STUDY MATERIAL =>
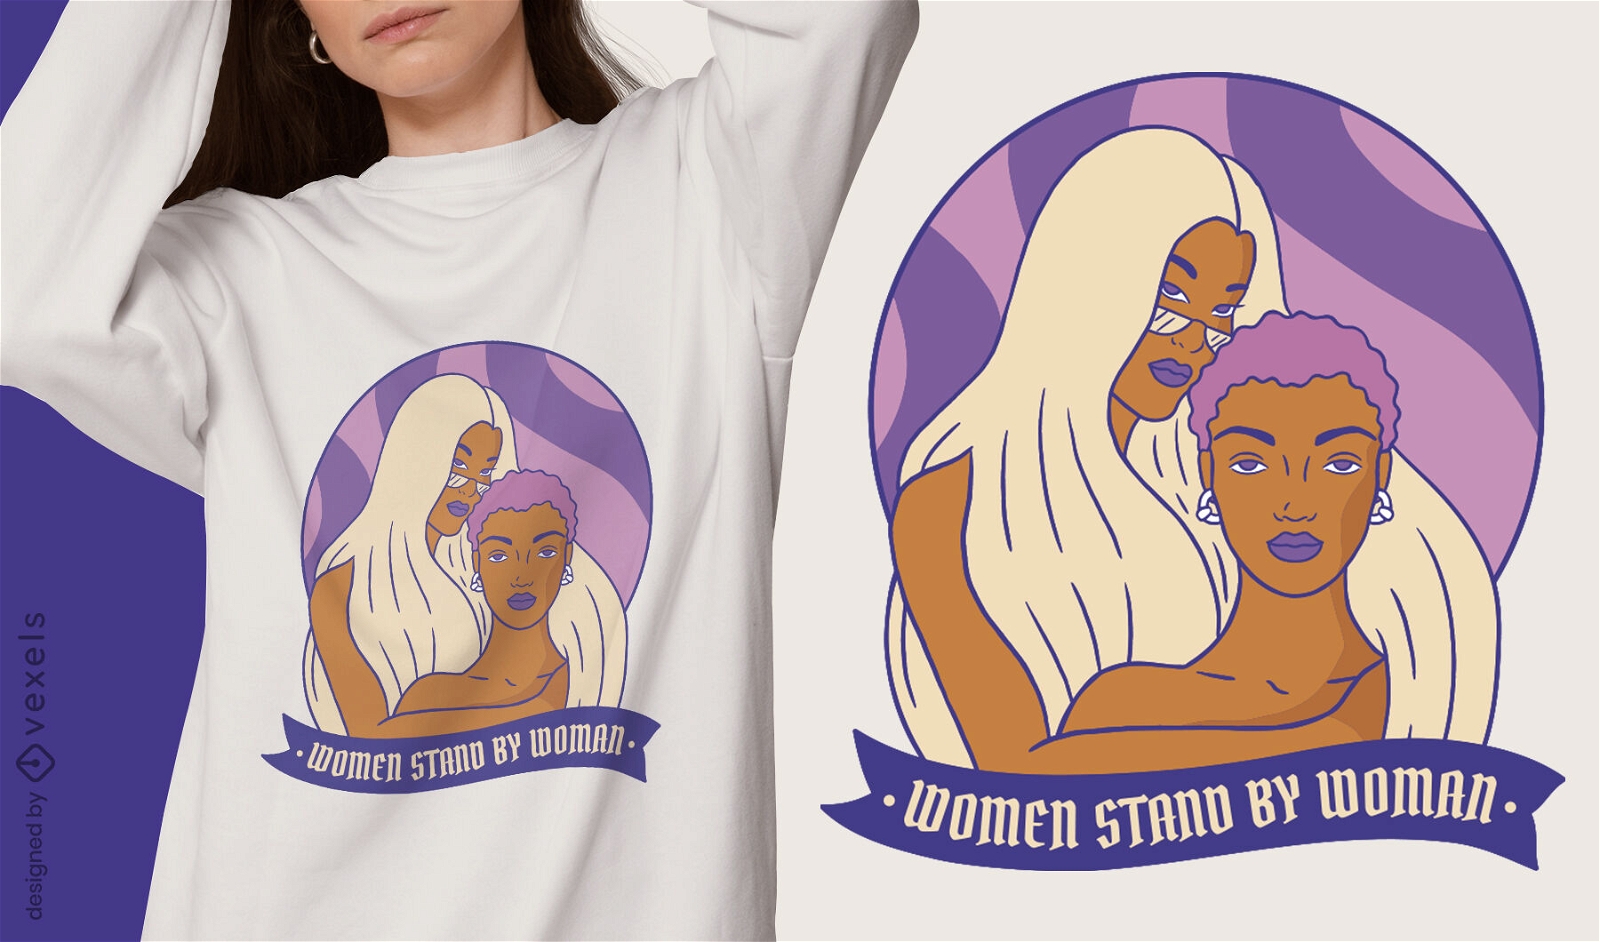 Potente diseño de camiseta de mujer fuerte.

...

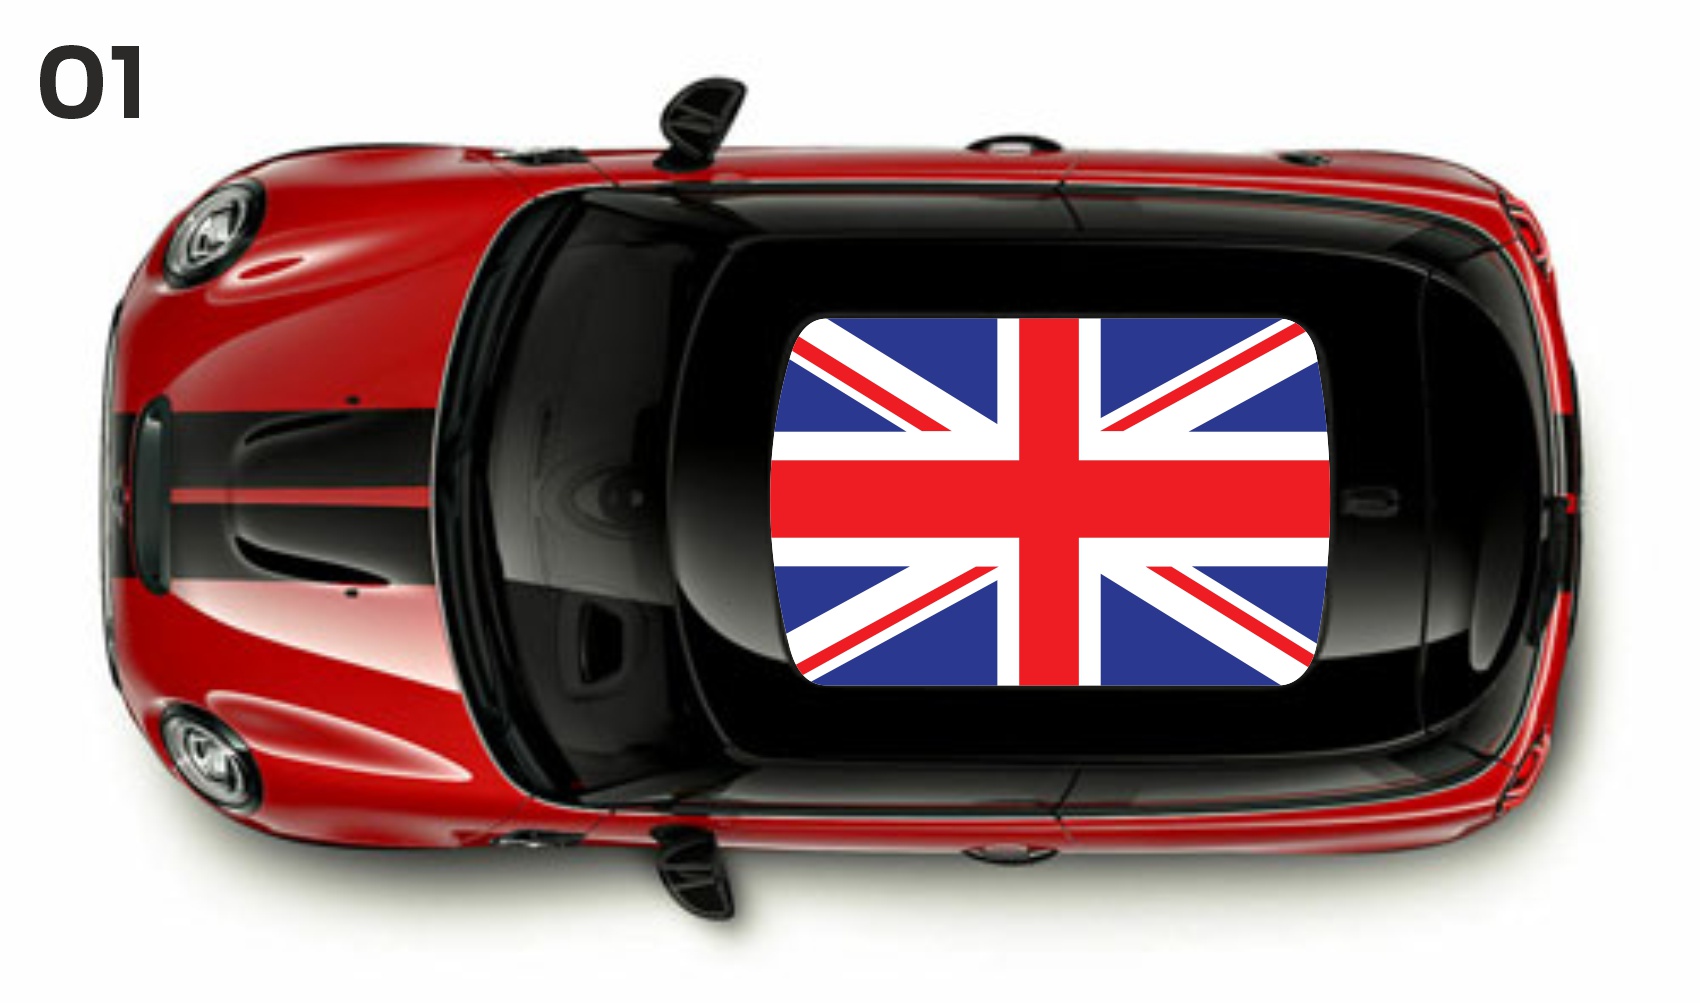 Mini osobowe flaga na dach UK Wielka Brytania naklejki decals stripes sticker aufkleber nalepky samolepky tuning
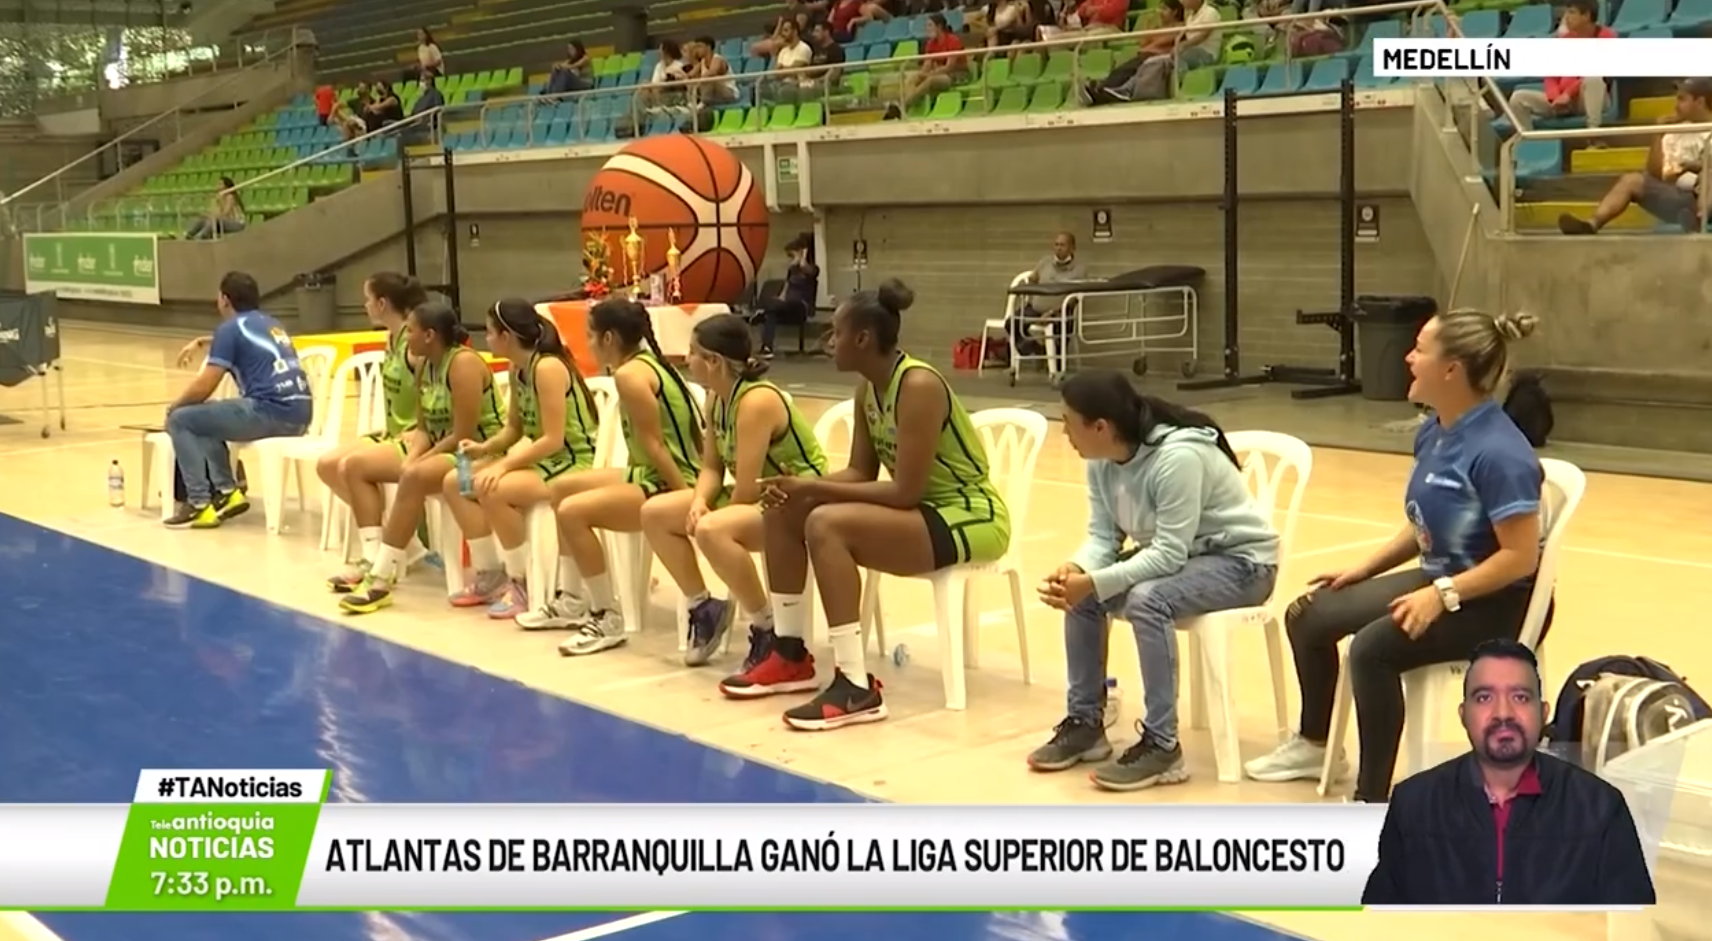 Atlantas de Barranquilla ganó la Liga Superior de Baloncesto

TASK OBJECTIVE =>
The answer must be the part of the records that opens with the line containing "Mini osobowe flaga" and closes with the line containing "Atlantas de Barranquilla", reproduced exactly, with no pictures.

TASK RESPONSE =>
 Mini osobowe flaga na dach UK Wielka Brytania naklejki decals stripes sticker aufkleber nalepky samolepky tuning
 Atlantas de Barranquilla ganó la Liga Superior de Baloncesto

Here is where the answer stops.